You ask what Schuon may have meant (in Logic and Transcendence) when he distinguished between “the traditional theory of emanation” and “the emanationist heresy, which has nothing metaphysical about it and which reduces the Principle to the level of manifestation or Substance to the level of accidents” (p. 58, note 11 of my edition).

As you know, Schuon always specified that “God is in things and things are in God” essentially, not substantially. Since it is in the very nature (or essence) of the Good to communicate itself, God cannot but “radiate”, and this radiation constitutes what we call manifestation or creation. Nonetheless this manifestation involves no division or extrusion of God, as if He were some sort of extended “thing” or “substance”, quod absit. He remains, His self-communication notwithstanding, completely transcendent, hence absolutely other than everything else.

Thus, as I understand the passage in question, “the traditional theory” points to God’s essential presence in manifestation, while “the heresy” makes the mistake of supposing that God is substantially present. It’s the difference, in other words, between panentheism and pantheism.

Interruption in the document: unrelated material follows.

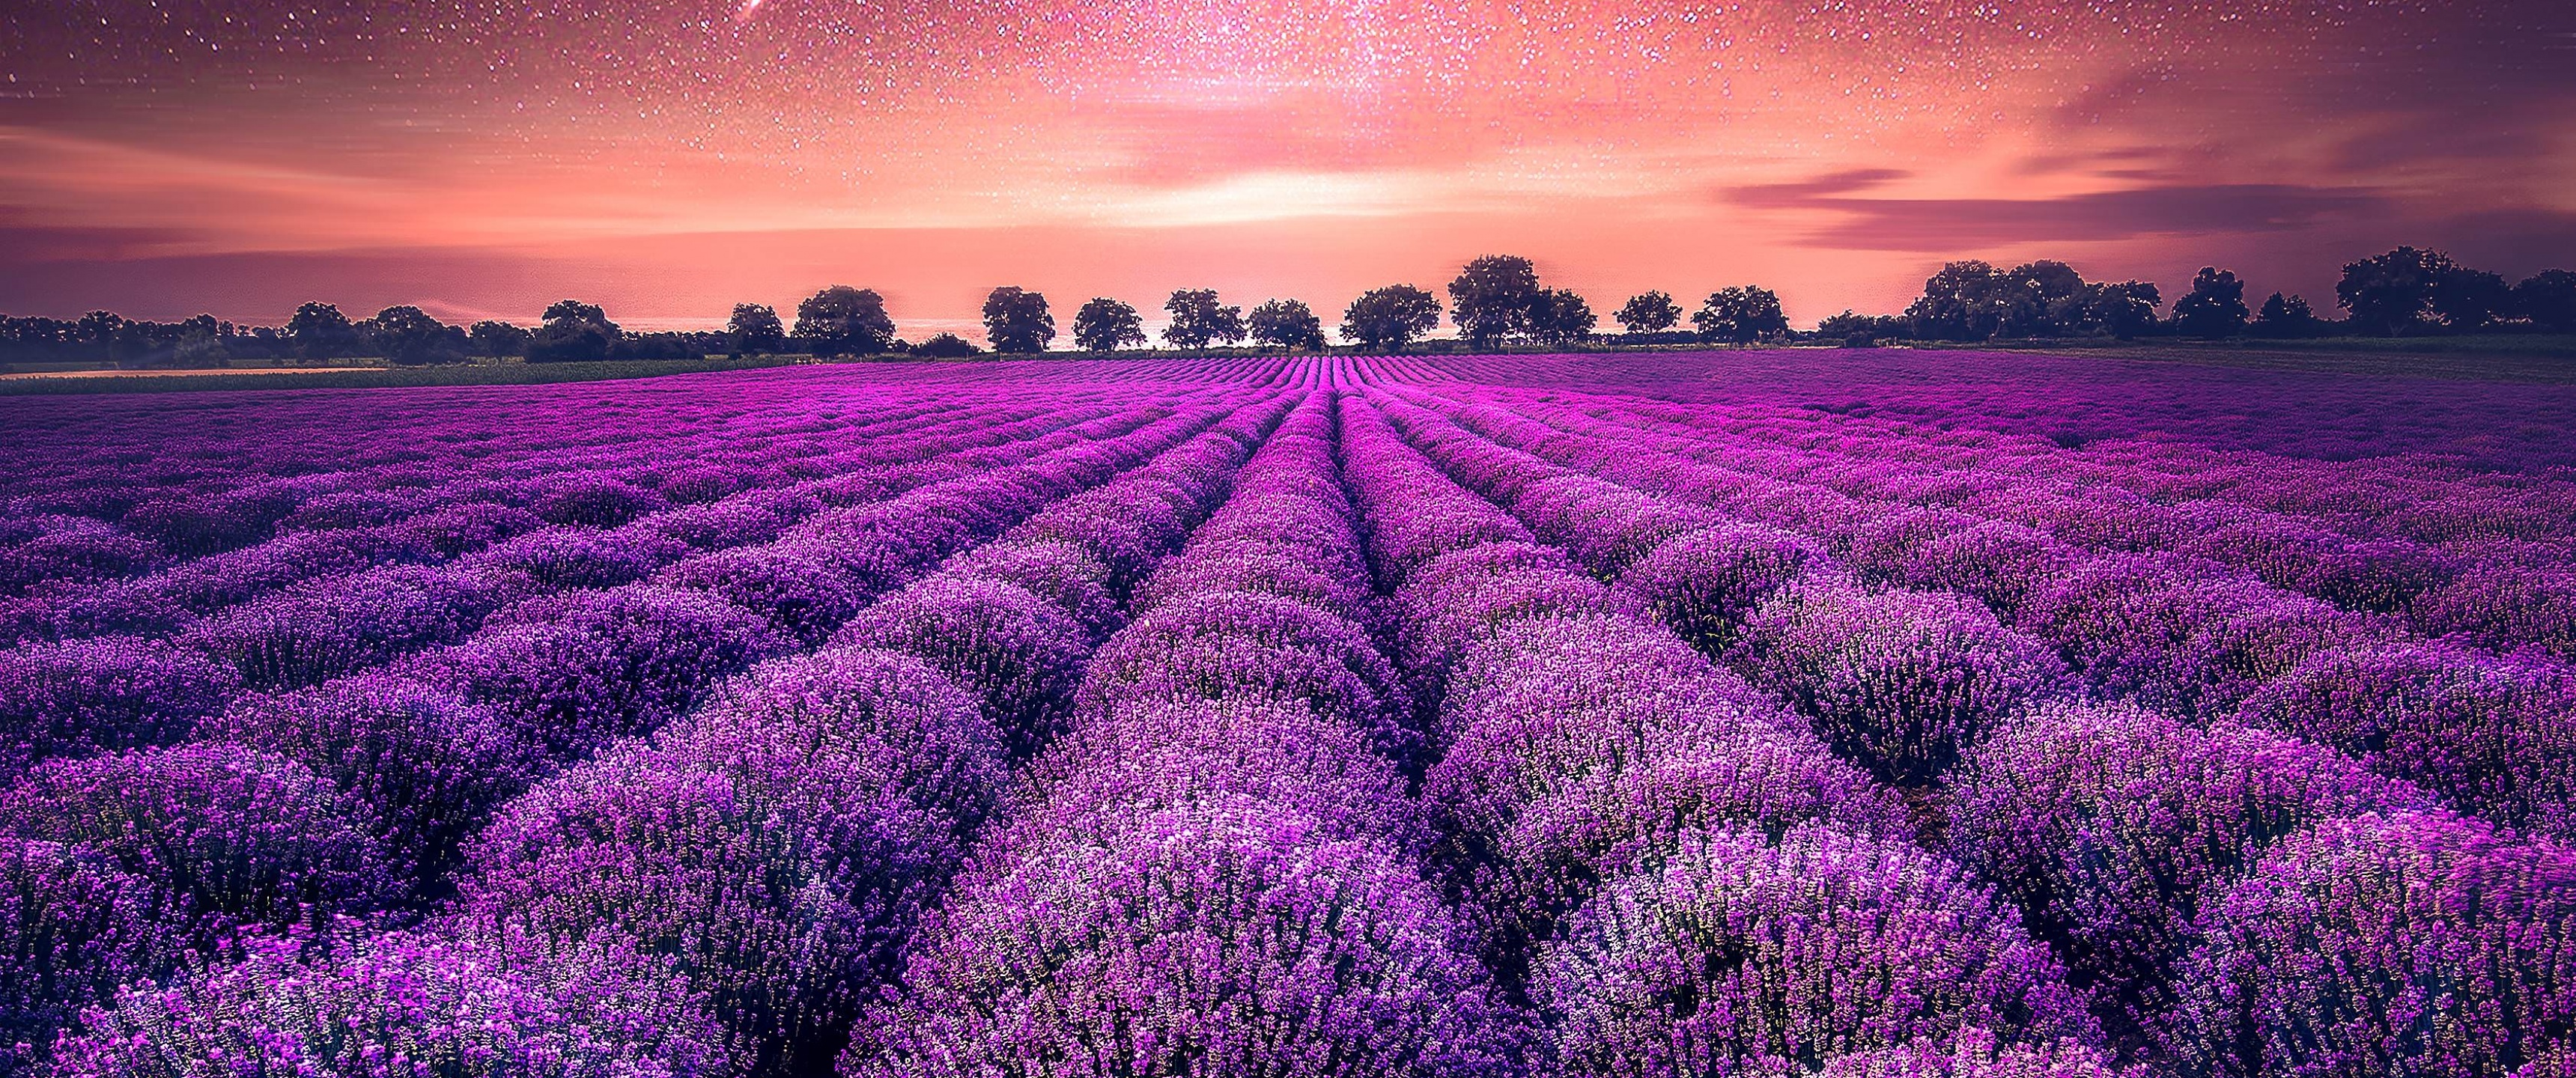 Lavender farm, Lavender fields, Sunset beauty, Nature's charm, 3440x1440 Dual Screen Desktop
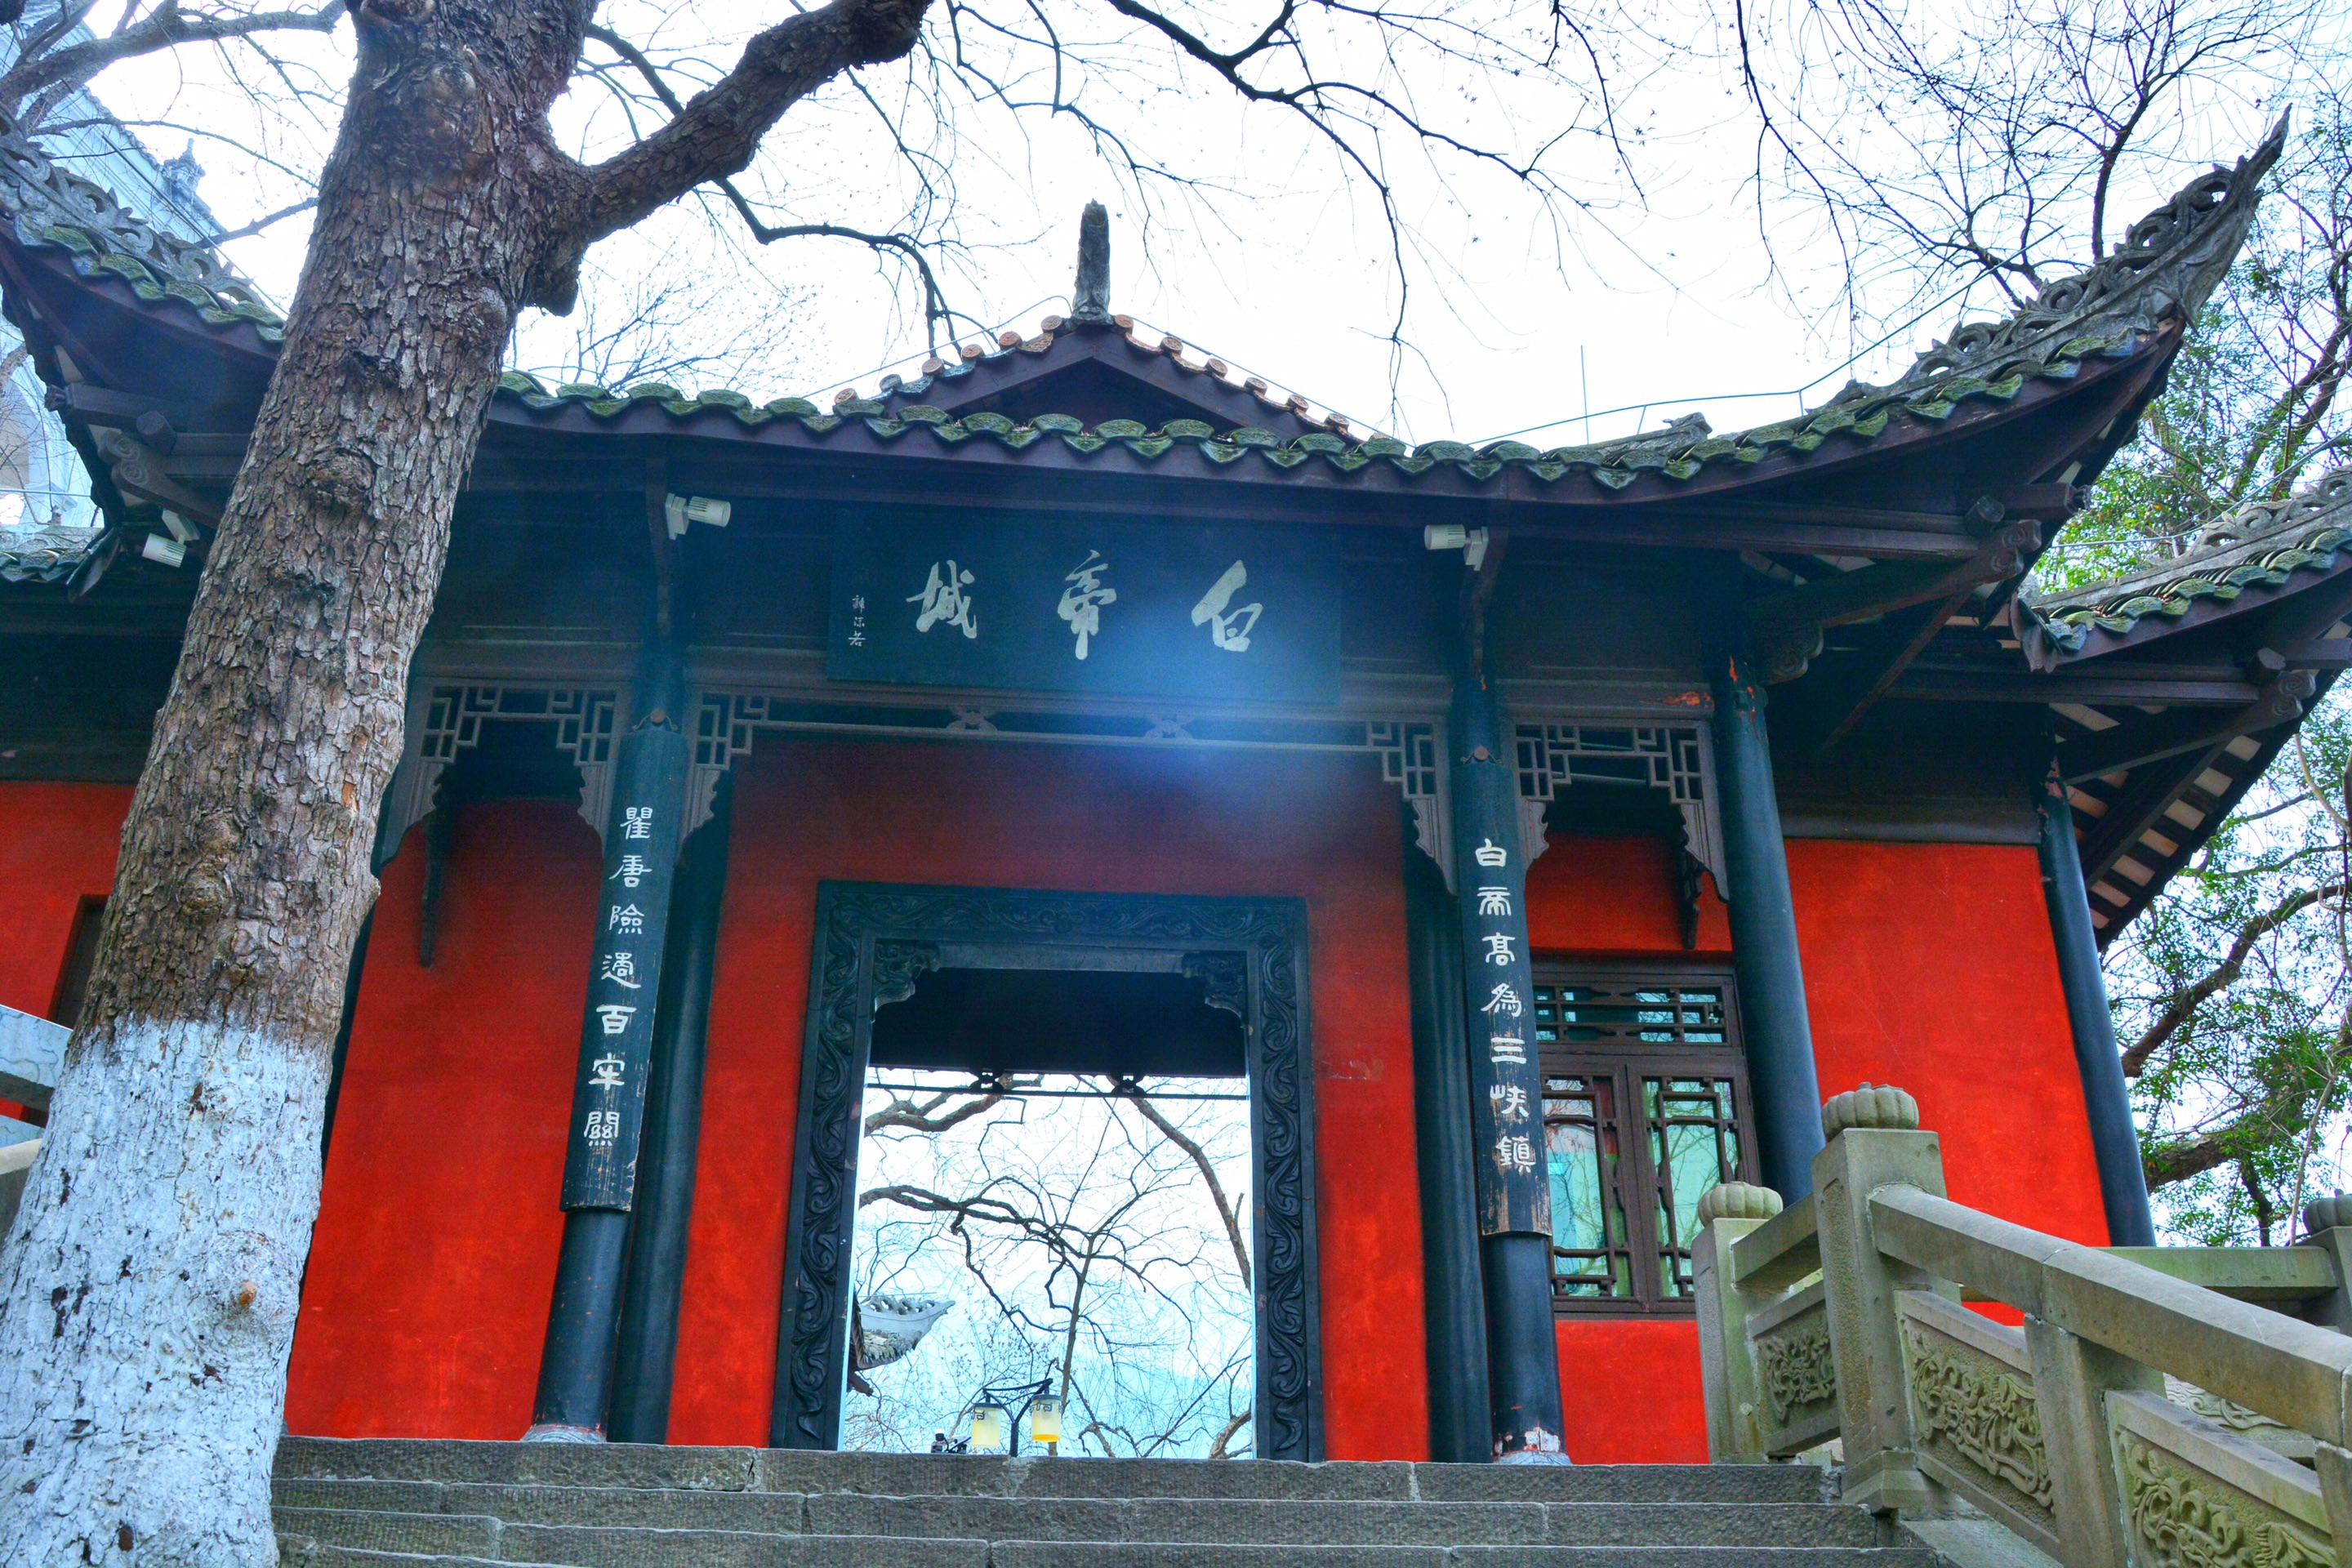 来白帝城，看长江三峡的西大门：夔门景区介绍白帝城景区位于_白帝城景区

Perhaps the following observations, coming from two Christian Platonists living several centuries apart, would be helpful here:

“In a super-substantial manner, above the category of origin, the Godhead is the Origin of all origin and the good and bounteous Communication (so far as such may be) of hidden mysteries; and, in a word, It is the Life of all things that live and the Being of all that are, the Origin and Cause of all life and being through Its bounty, which both brings them into existence and maintains them. These mysteries we learn from the Divine Scriptures, and thou wilt find that, in well-nigh all the utterances of the Sacred Writers, the Divine Names refer in a Symbolical Revelation to Its beneficent Emanations” (Dionysius the Areopagite, On the Divine Names, Chapter 1, my italics).

“I know that to create is defined as ‘to make out of nothing’, ex nihilo. But I take that to mean ‘not out of any pre-existing material’. It can’t mean that God makes what God has not thought of, or that He gives His creatures any powers or beauties which He Himself does not possess. Why, we think that even human work comes nearest to creation when the maker has ‘got it all out of his own head’. Nor am I suggesting a theory of ’emanations’. The differentia of an ’emanation’—literally an overflowing, a trickling out—would be that it suggests something involuntary. But my words—’uttering’ and ‘inventing’—are meant to suggest an act” (C. S. Lewis, Letters to Malcolm: Chiefly on Prayer, Chapter XIV).

It seems to me clear that the Areopagite is espousing “the traditional theory”, whereas Lewis is referring (at the end of this passage) to “the emanationist heresy”. Notice that Lewis adds one other important qualification: namely, that the heresy in question construes the creative process as mechanical or automatic, while Schuon and other “traditionalists”, though they underscore the inevitability of manifestation, do not divorce it from the Divine Will.